External collaborations #

NHSA 26. Commission and promote best practice on outsourcing analytics

The NHS Transformation Directorate should coordinate the development of Best Practice guidance on outsourcing to cover the range of scenarios where such external collaborations are and are not beneficial to the system, boilerplate contractual requirements, and red flags around working methods and delivery.

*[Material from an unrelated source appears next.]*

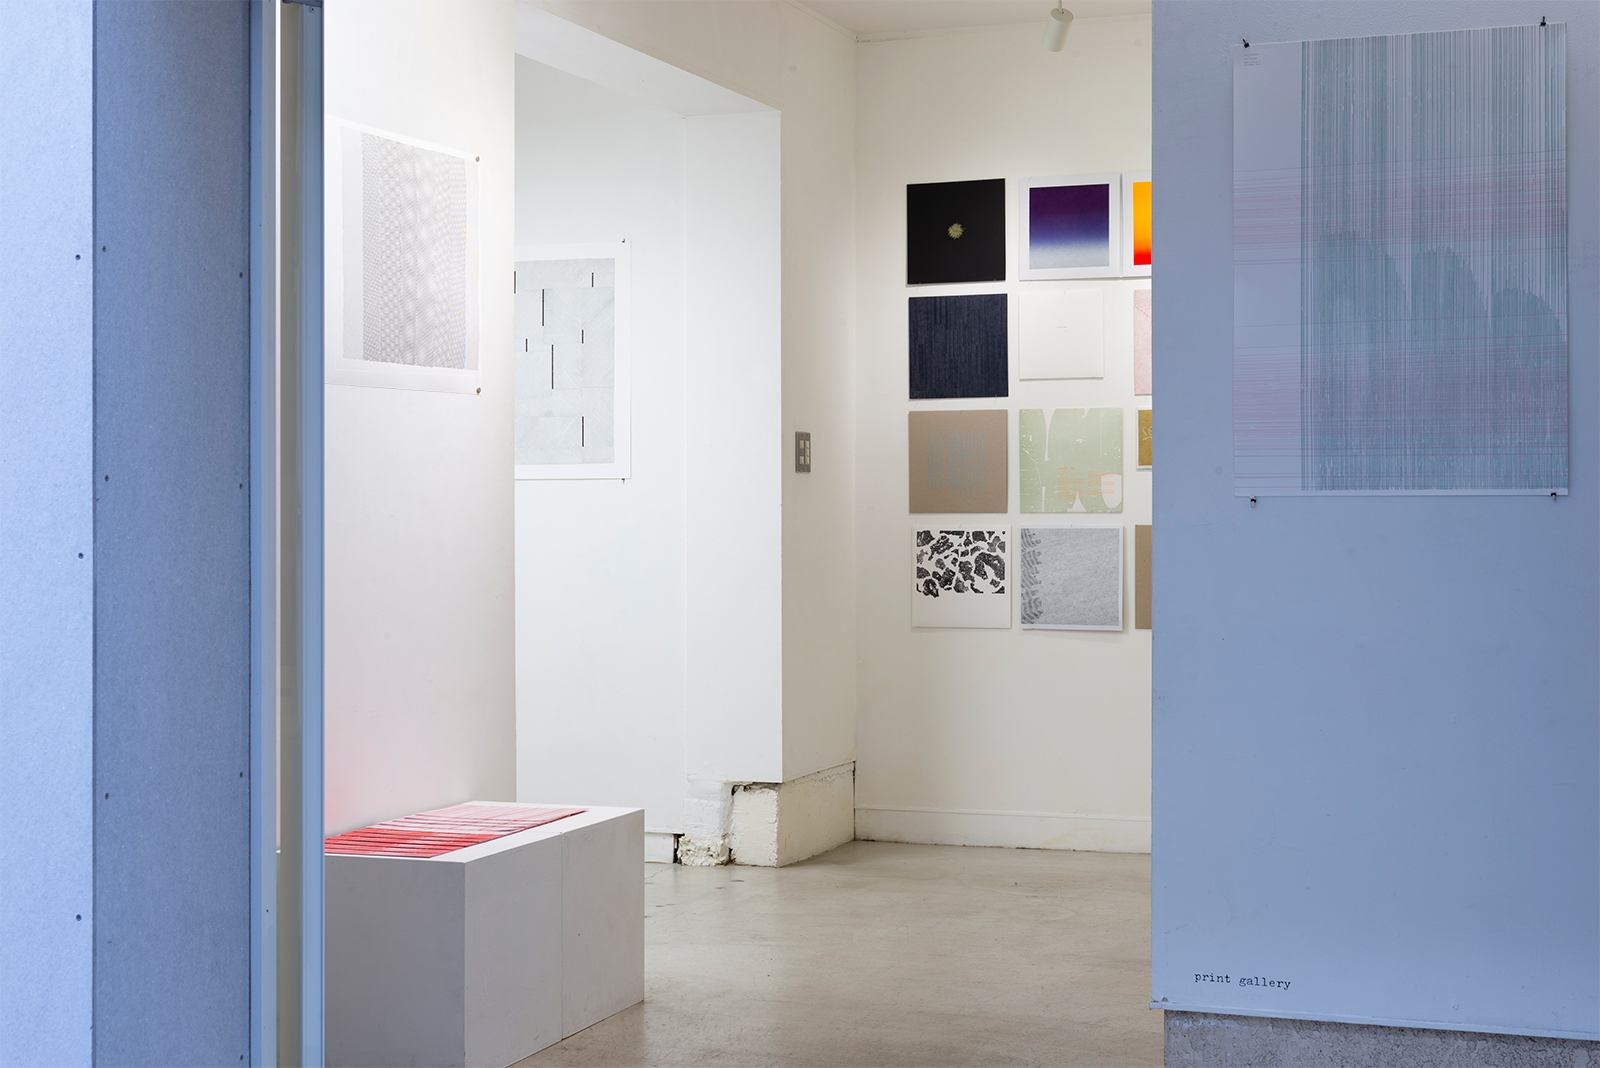 Incunabula:
David Maurissen/vlek at print gallery Tokyo

NHSA 27. Require all outsourced or external work to comply with RAP and open working methods

Currently when analytic projects are outsourced to consultancies, academic collaborators or other agencies it is common for only the results to be reported, for example in a PDF or slide deck, without the accompanying methodology or code used to conduct the analysis. This prevents the NHS from error-checking the work, learning from it, or being able to replicate it internally, whether in the organisation that originally commissioned the work or elsewhere in the system. This creates duplication of work, and the loss of knowledge that can create efficient analyses and drive innovation.

This cannot solely be addressed by asking external partners for ‘training’ or more detailed narrative descriptions of the methods used. As discussed in the chapter on Open Methods, all NHS data management and analysis code should be accompanied by adequate technical documentation alongside the code, as required by the minimum standards of RAP, openly available for re-use and external scrutiny. All outsourced work should adhere to this requirement.

NHSA 28. Support NHS/academic collaborations on RAP data science for NHS service improvement

UKRI/NIHR should consider running an open funding call specifically for academic teams to collaborate with national or ICS NHS data analysis teams on using RAP and modern open data science techniques to improve the quality of NHS care, to deliver specific outputs, and to build mutual relationships and capacity building around applied analytics. The targeted outputs should be a range of Jupyter notebooks or similar with well-documented open code describing – with appropriate technical documentation – how NHS data was prepared, analysed, and used to identify or address opportunities to improve NHS clinical activity or outcomes.